| Data records |

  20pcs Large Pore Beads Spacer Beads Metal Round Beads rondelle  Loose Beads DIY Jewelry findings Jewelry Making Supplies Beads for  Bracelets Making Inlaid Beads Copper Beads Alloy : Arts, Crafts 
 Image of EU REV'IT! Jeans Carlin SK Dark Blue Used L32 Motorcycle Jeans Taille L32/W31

---

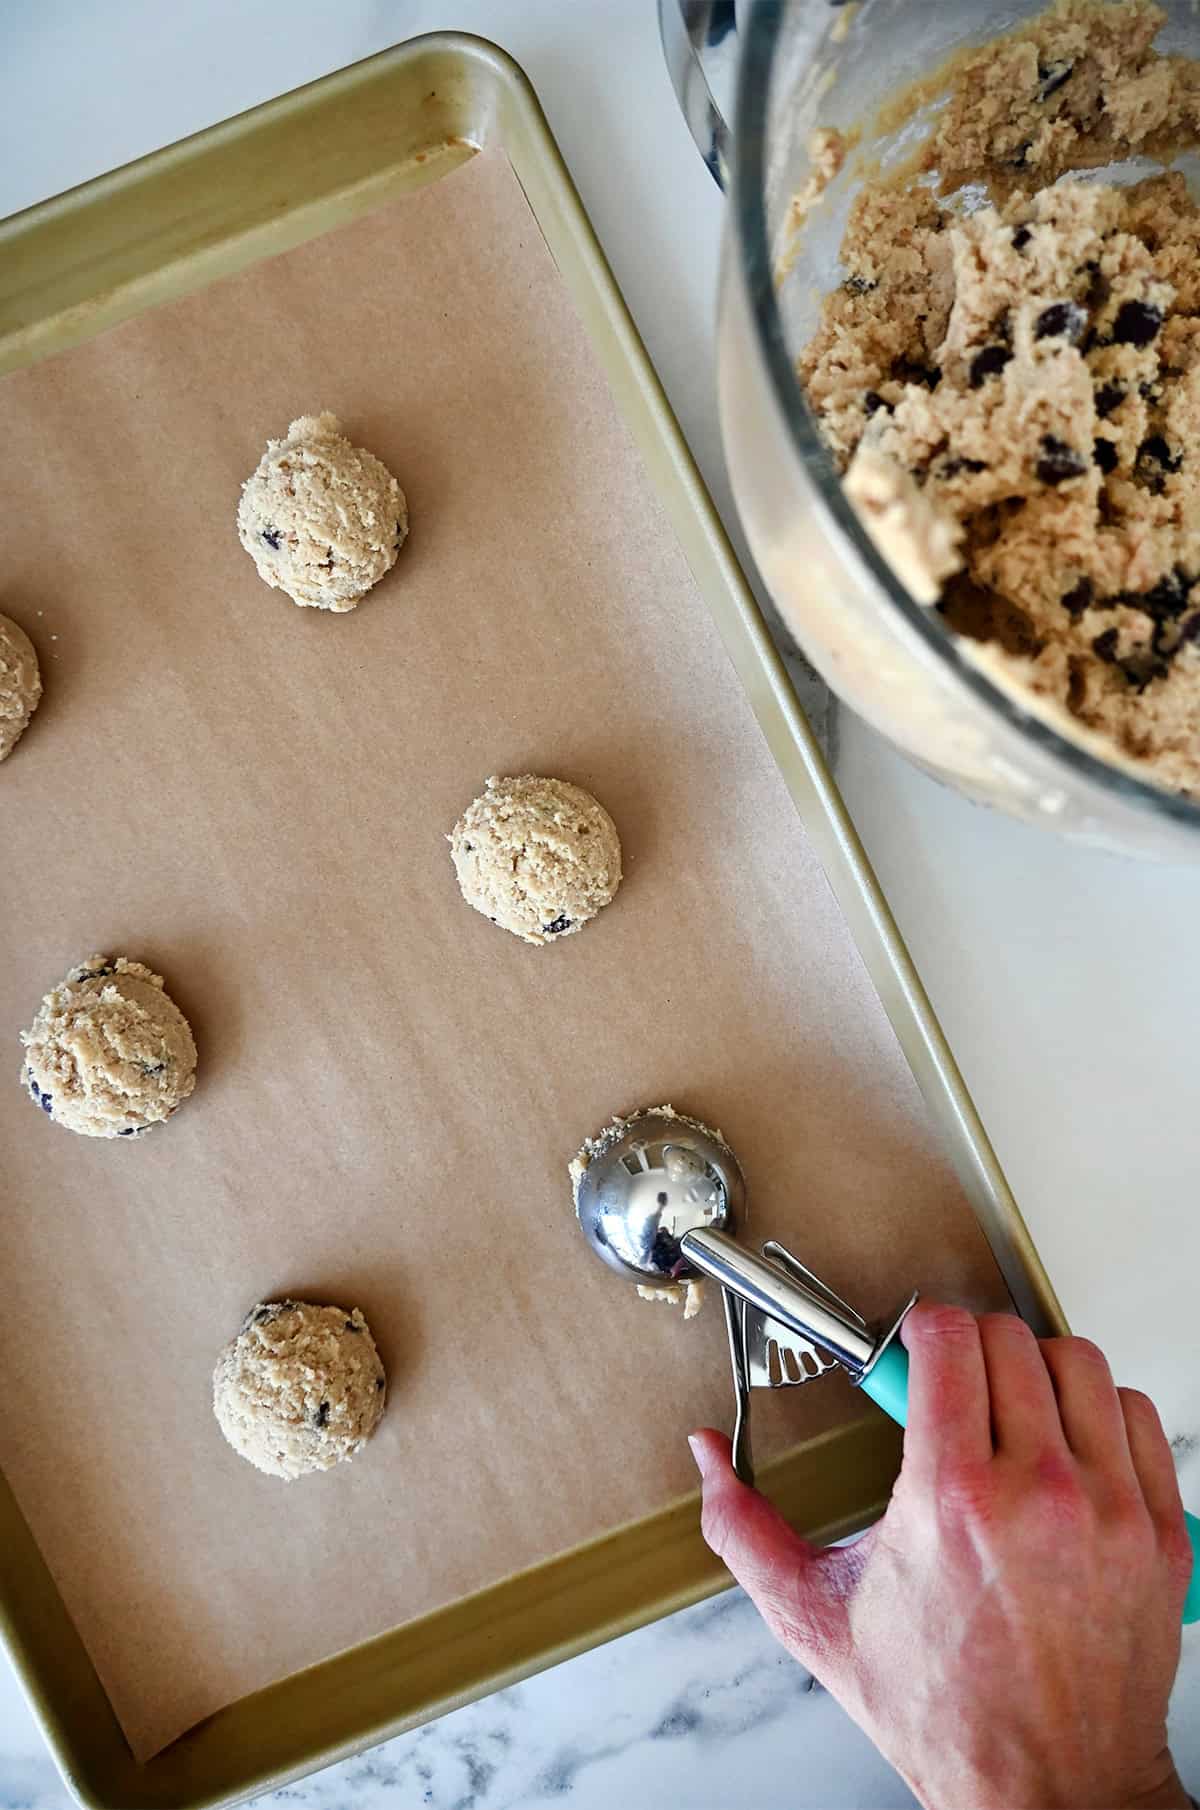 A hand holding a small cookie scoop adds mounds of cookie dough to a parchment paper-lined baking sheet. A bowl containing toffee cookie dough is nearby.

| Task |
Retype exactly the lines of the data above that fall between the line with "20pcs Large Pore" and the line with "Image of EU", inclusive, and add nothing.

| Solution for this task |
  20pcs Large Pore Beads Spacer Beads Metal Round Beads rondelle  Loose Beads DIY Jewelry findings Jewelry Making Supplies Beads for  Bracelets Making Inlaid Beads Copper Beads Alloy : Arts, Crafts 
 Image of EU REV'IT! Jeans Carlin SK Dark Blue Used L32 Motorcycle Jeans Taille L32/W31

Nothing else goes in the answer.